“You could leave life right now so let that determine what you do and say and think,” Marcus Aurelius. I’ve always been afraid of death. I know it’s ironic considering I battled self harm for over a decade. Maybe it wasn’t my death I feared, but the lack of legacy. Or it was simply the fear of losing those close to me and having to move on without them, not knowing if I could. I wasn’t trained to find inner strength, I was trained to find my weaknesses and hide them rather than develop them. I still struggle to believe that I am capable of handling what life throws my way, but I am getting better at accepting that if they are shown to me, it’s a door meant for me.
When I first read/heard this quote, a pit formed in my stomach. Heavy like lead, I felt its weight as real as if I swallowed a brick. My fear of time and never having enough of it ran front and center. Thinking of how I wasted time and that I haven’t accomplished all I wanted to made me feel weak. Like, what am I waiting for? How has so much time gone by so quickly? If I’m honest, I still don’t like it and it still makes me uncomfortable, but they say that those feelings are messages. So what really bothers me about it? It’s my own inaction. It triggers the knowledge that time IS finite and we don’t know when the clock runs out so it’s time to stop screwing around and do something, anything that will bring me to the next level.

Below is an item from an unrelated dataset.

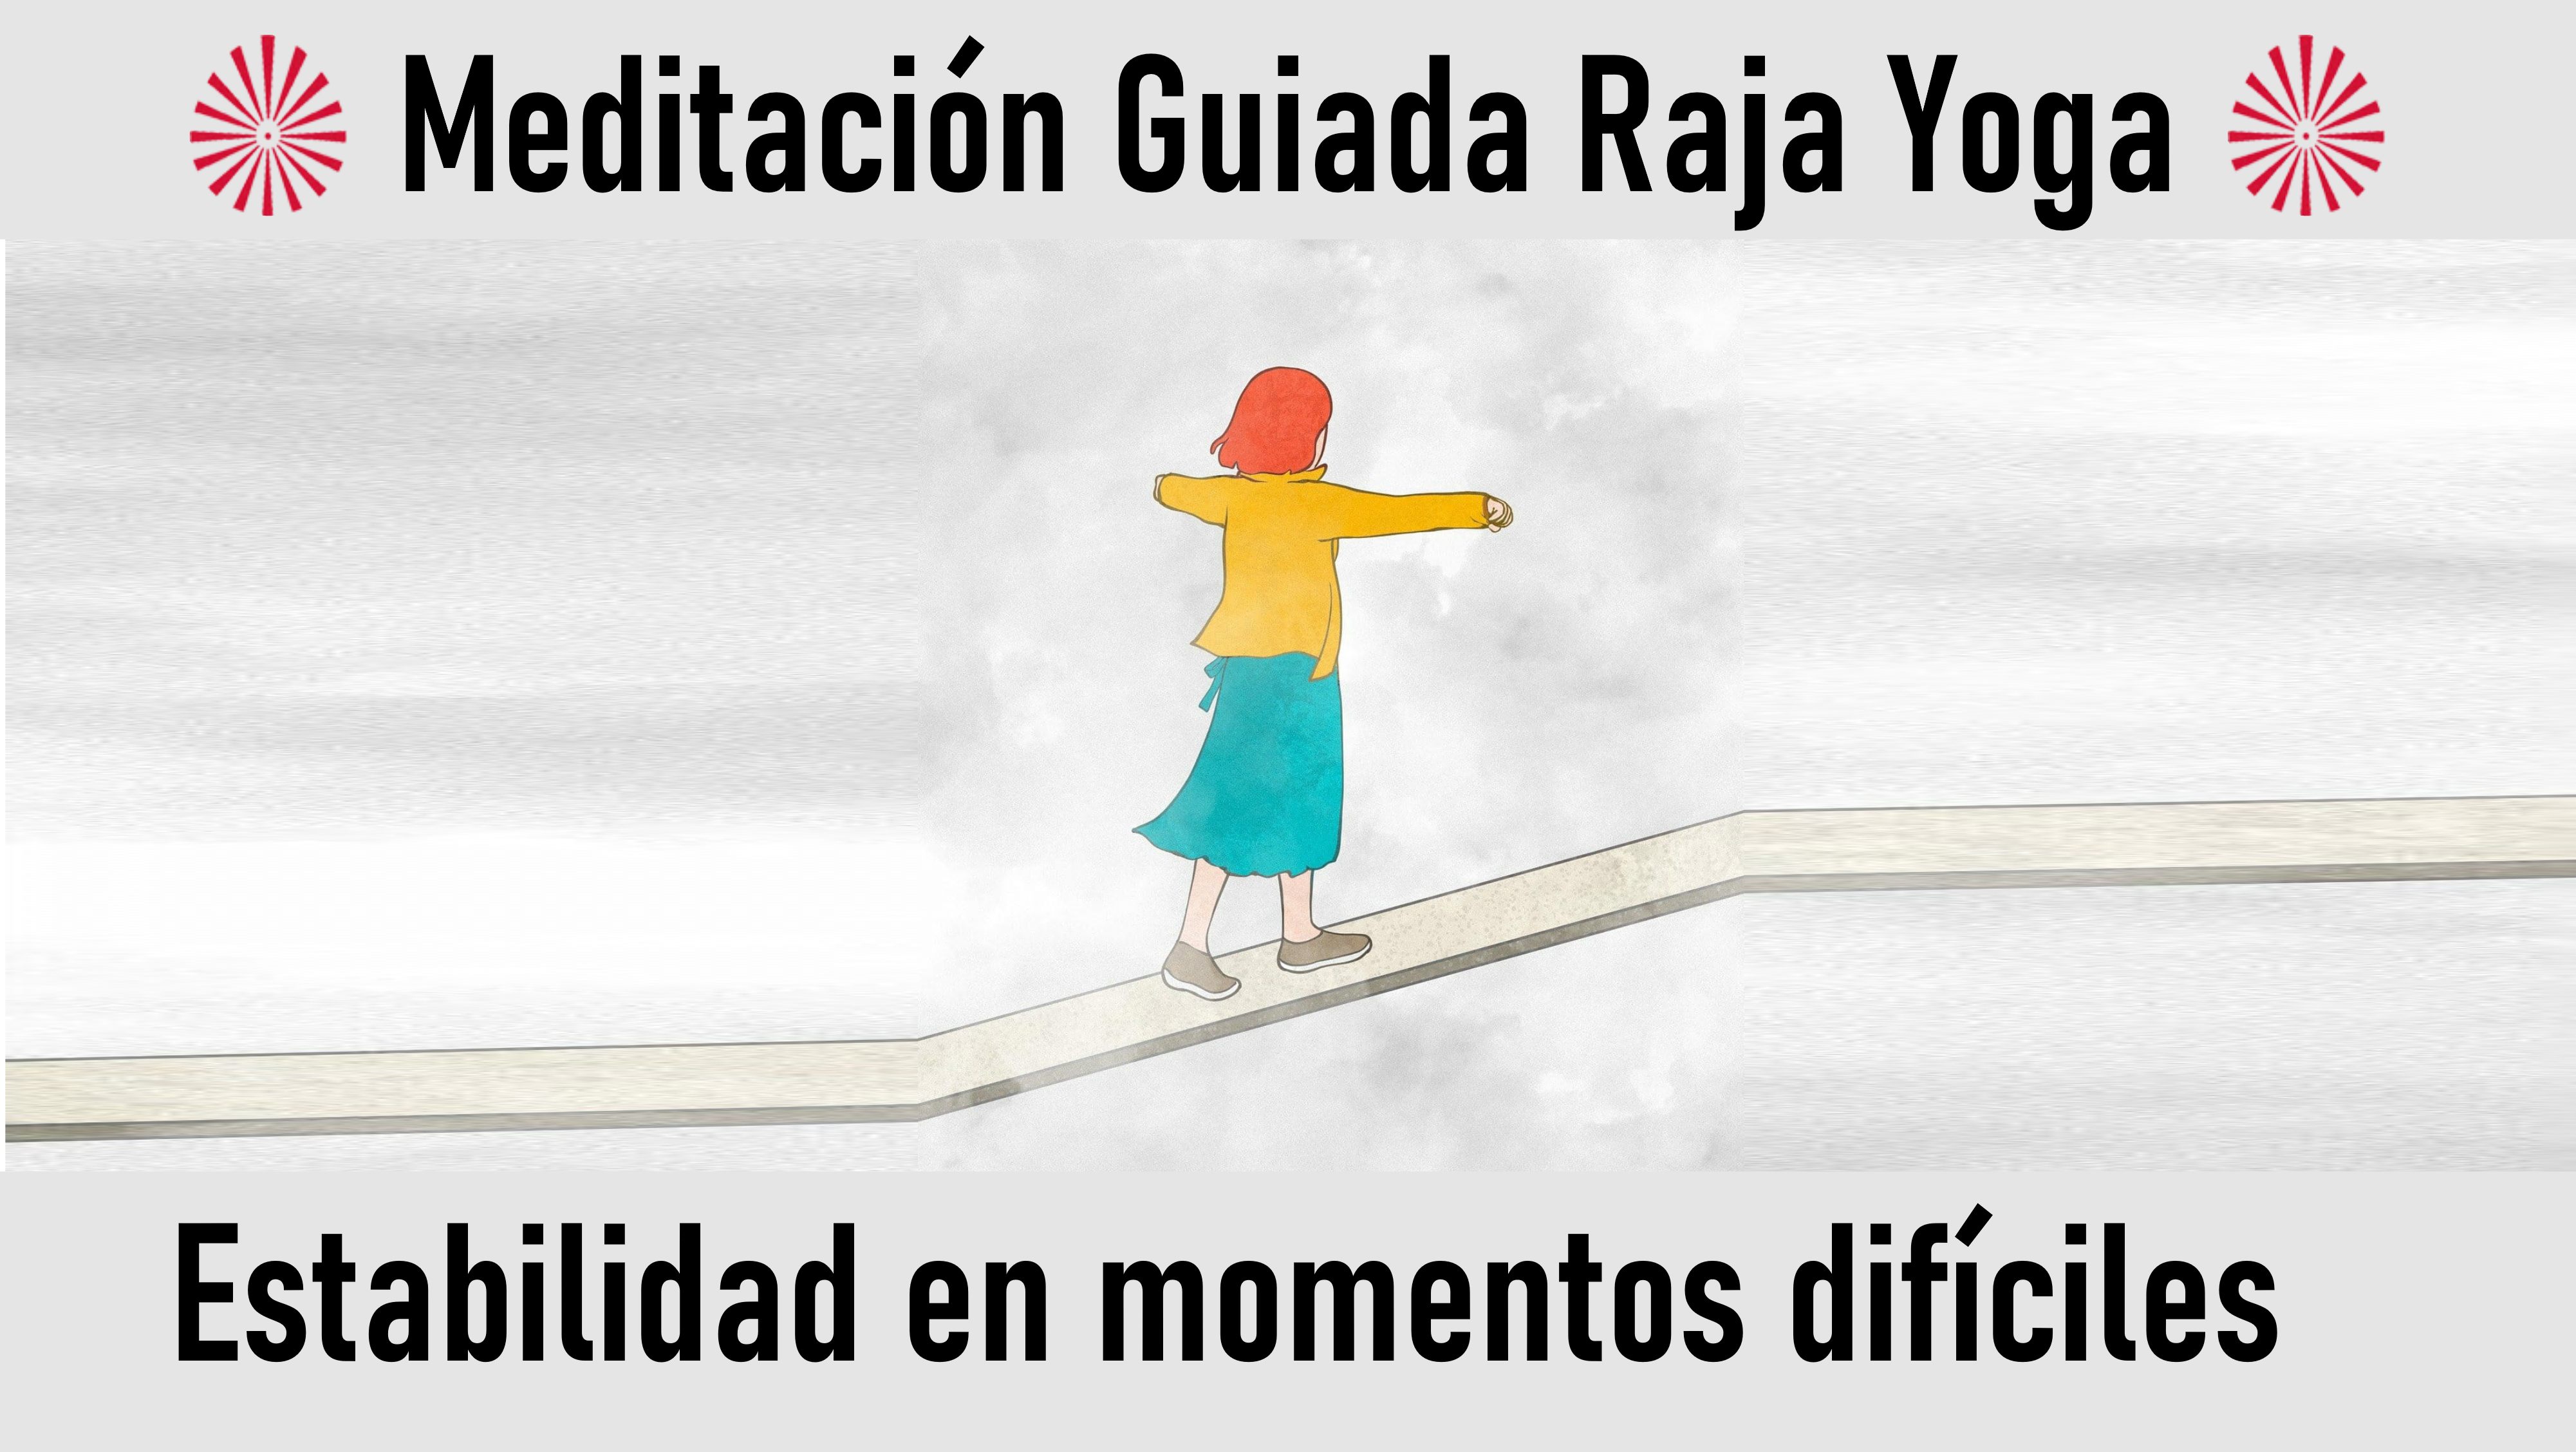 Meditación Raja Yoga: Estabilidad en momentos difíciles (13 Julio 2020) On-line desde Madrid
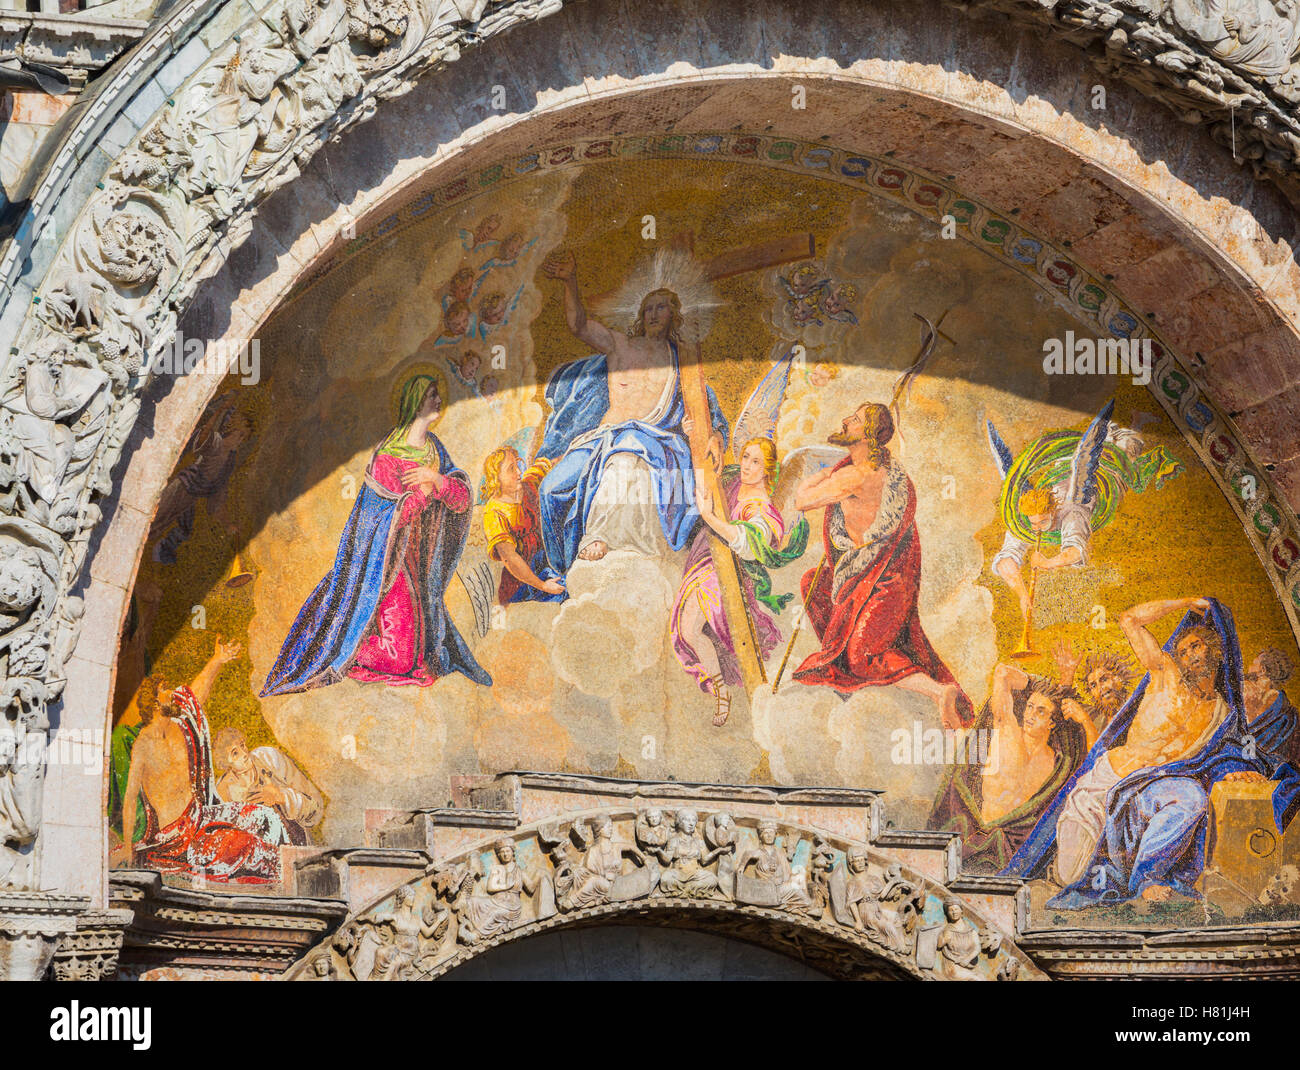 Venezia, Provincia di Venezia, regione Veneto, Italia. Il giudizio ultimo mosaico sopra l'ingresso principale della Basilica di San Marco. Foto Stock

Looking at the quote in that context, it isn’t quite so morbid. It’s a reminder to appreciate the time we are given and to take whole advantage of it. It means that yes, there are sacrifices we have to make in the present in order to get what we want, but if you want that reward, you must go for it. It also goes to the kind of person you want to be. Are you someone who gets things done? Are you someone who expresses compassion and empathy when given the opportunity? Or are you someone who has a hair trigger and expects the world to give you what you want? Do you have a fragile ego and feel threatened by other people simply existing?
We get one go round and we never know when that time is up. We are all waiting in line and when our number is called there is no going back. Yes, it is still terrifying and slightly morbid, but that shouldn’t deter you from going for what you want. It isn’t an excuse to say that it’s all futile because we all die. It’s the impetus to make something worthwhile while you are here. Take advantage of the opportunities that come your way because if they are there, they were meant for you. I mean, you can choose to take either path, accepting life as meaningless or giving it as much meaning as you can. I know this raises the whole half full half empty question, but I truly do think this is where we have to be grateful we have a cup.
Thinking that all of this is going to end is actually comforting to some. If we think about money and attaining material things, it is quite comforting to know none of that matters. When we die, no one is going to check our credit score, so that is pretty damn arbitrary. That is a standard and a stressor we put on ourselves. So learn to treat those things like a game. The truth is we really don’t know for certain what comes after our time here. But that is also comforting because you can live knowing you did your best and that is enough because the reality is that is ALL you can do. You have your shot, take it. Let the knowledge that this all ends some day be a comfort and a motivator rather than a fear or a deterrent from living your best life. Let it encourage you and take that action. That’s probably exactly what you need to do so let go of fear, and do it.